Under our Constitution, every American is innocent until proven guilty.
I am currently not implicated in any of hundreds of crimes that have recently been committed in the towns and cities I live near. If my attorney were to be asked, he would say that the police have not found any evidence implicating me in any of them.
I guess someone who plays with words, like you, could say I'm a suspect in every one of those crimes, because although the police haven't found any evidence implicating me, they also haven't yet released a statement exonerating me.
Eh. I was accusing the lawyer of playing with words, not playing with them myself.
Now I don’t think the cadet was guilty of anything more than at most wandering around aimlessly while under the influence, when he wandered into what Ms. LaBelle’s people perceived as her space.
The police saying “We don’t have any evidence that he picked a fight,” is not the same as saying, “The evidence shows that Ms. LaBelle’s bodyguards made an unprovoked attack upon him.” Which is what exoneration would be, and should be followed by criminal charges against the bodyguards.
We’re not really talking about the criminal law standard of presumed innocence here. We’re talking about West Point judging what conduct is befitting an officer and a gentleman, and their standards are not nearly so protective of the accused as criminal law is.
And that said, I think anti-white pro-black PC racism and Ms LaBelle’s celebrity influenced West Point’s original decision and I am glad the cadet has been reinstated.

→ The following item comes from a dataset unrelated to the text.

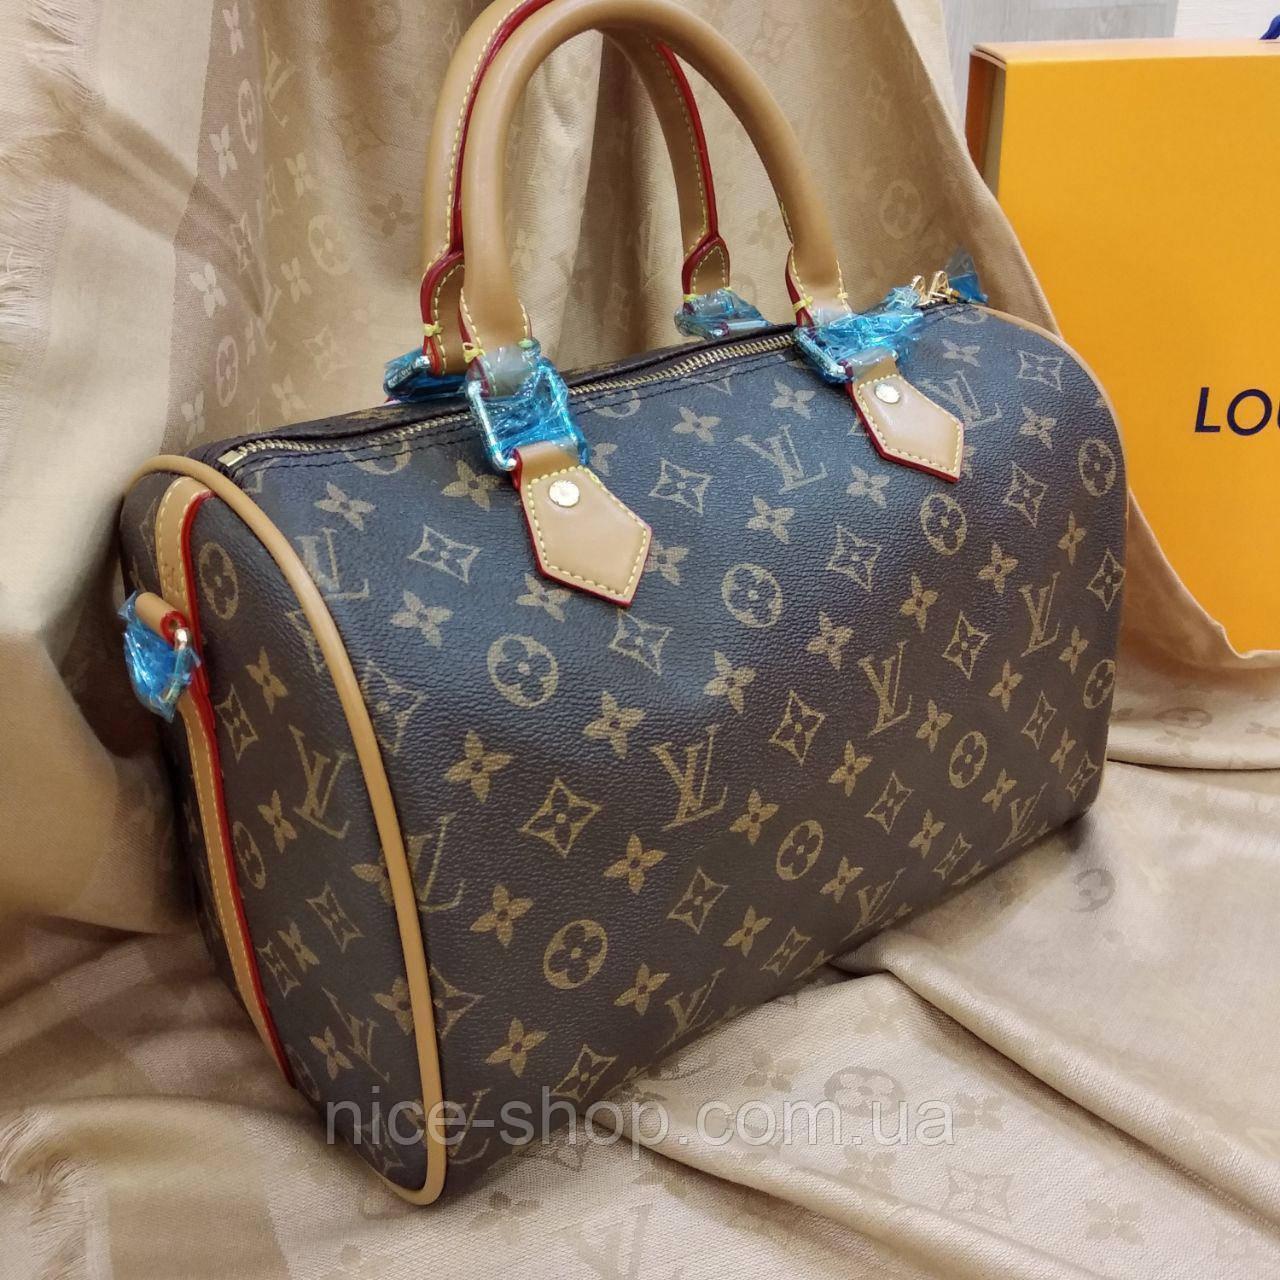 Сумка Louis Vuitton Speedy 30 см, монограмм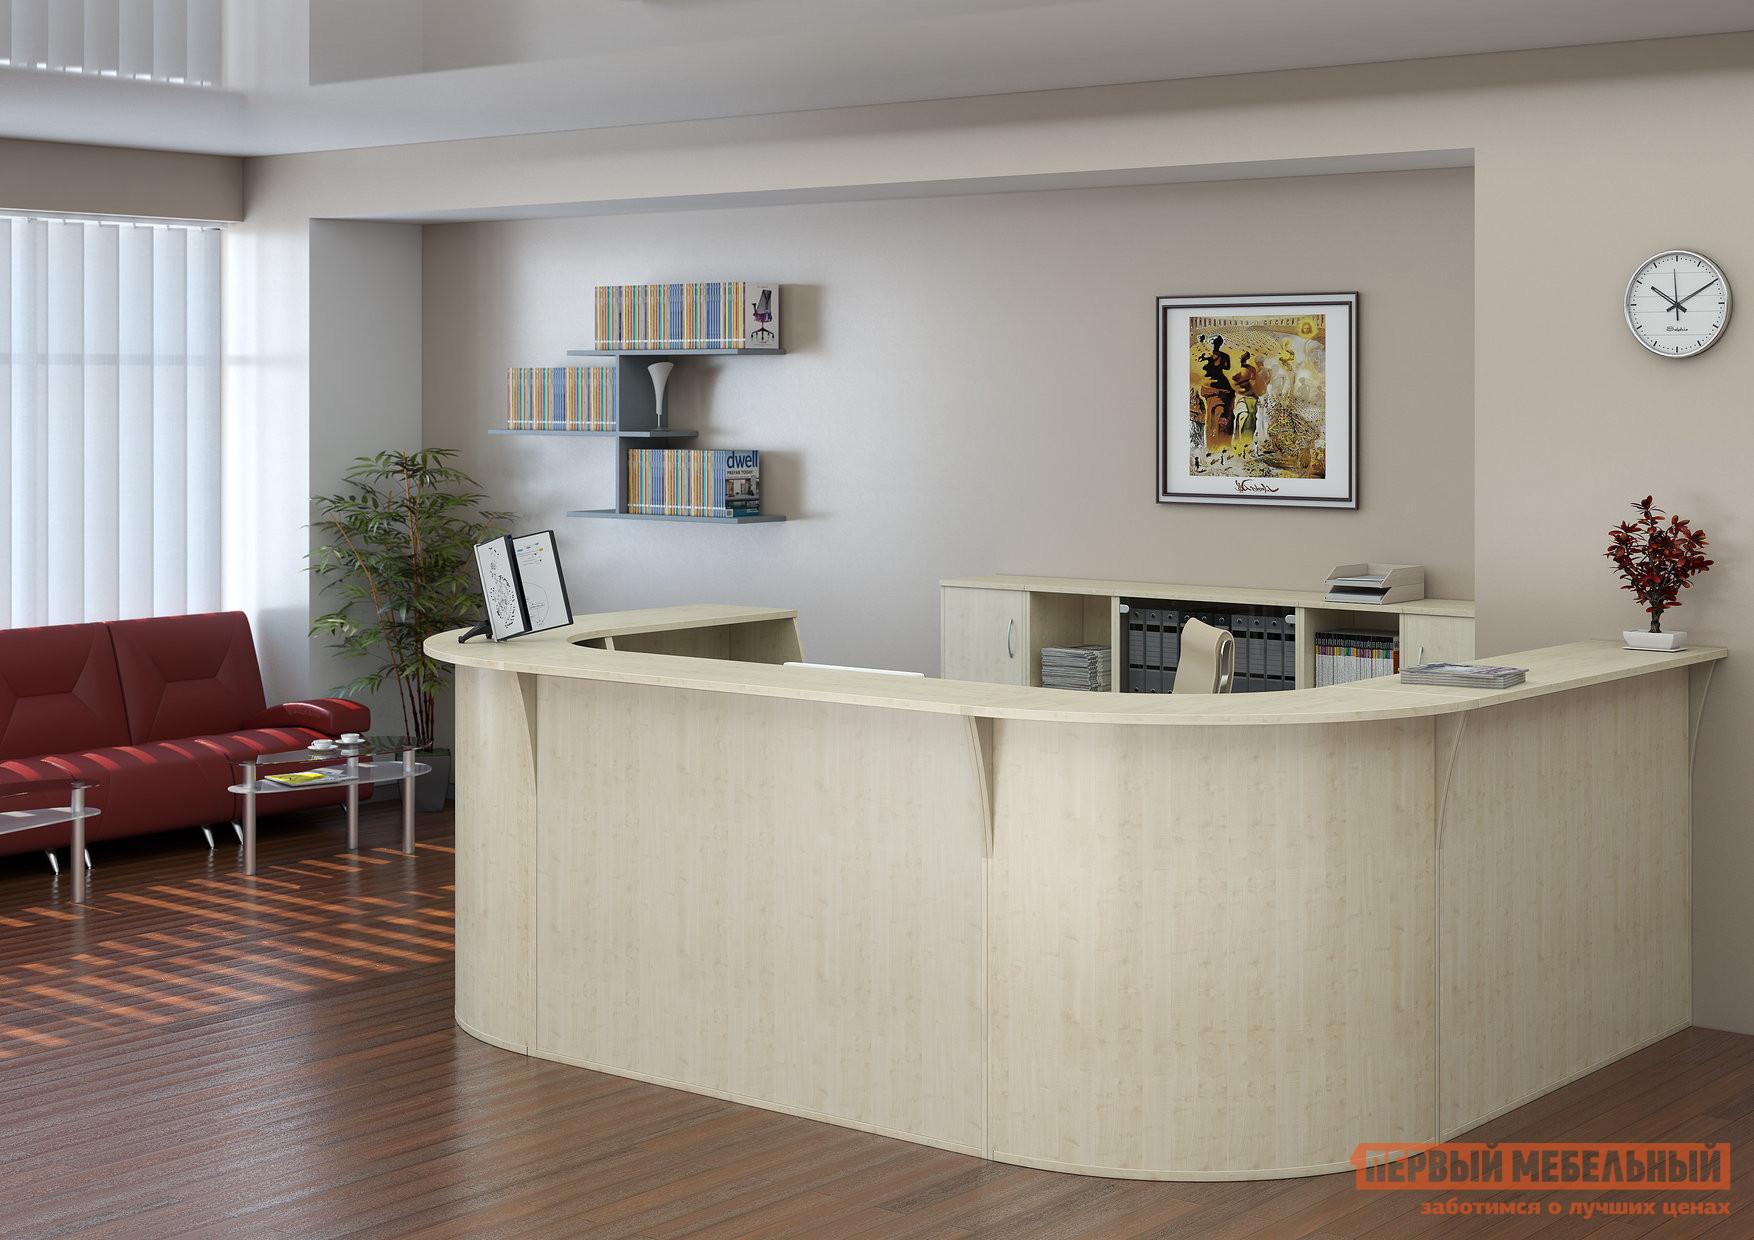 Комплект офисной мебели Riva Рива Ресепшн Клен К2 комплект офисной мебели riva рива клен к1

I just do not care for attorneys’ weasel wording even though that is their job.
Re my previous reply: “Exonerated” was Aunt Polgara’s term, which I felt went rather too far.
The attorney said “not implicated,” and I shouldn’t have accused him of weasel wording.
Please note, AP, I’m not saying you were weasel wording, just taking it a little far.
Polgara - is that from that foot-thick multi-volume fantasy by Eddings?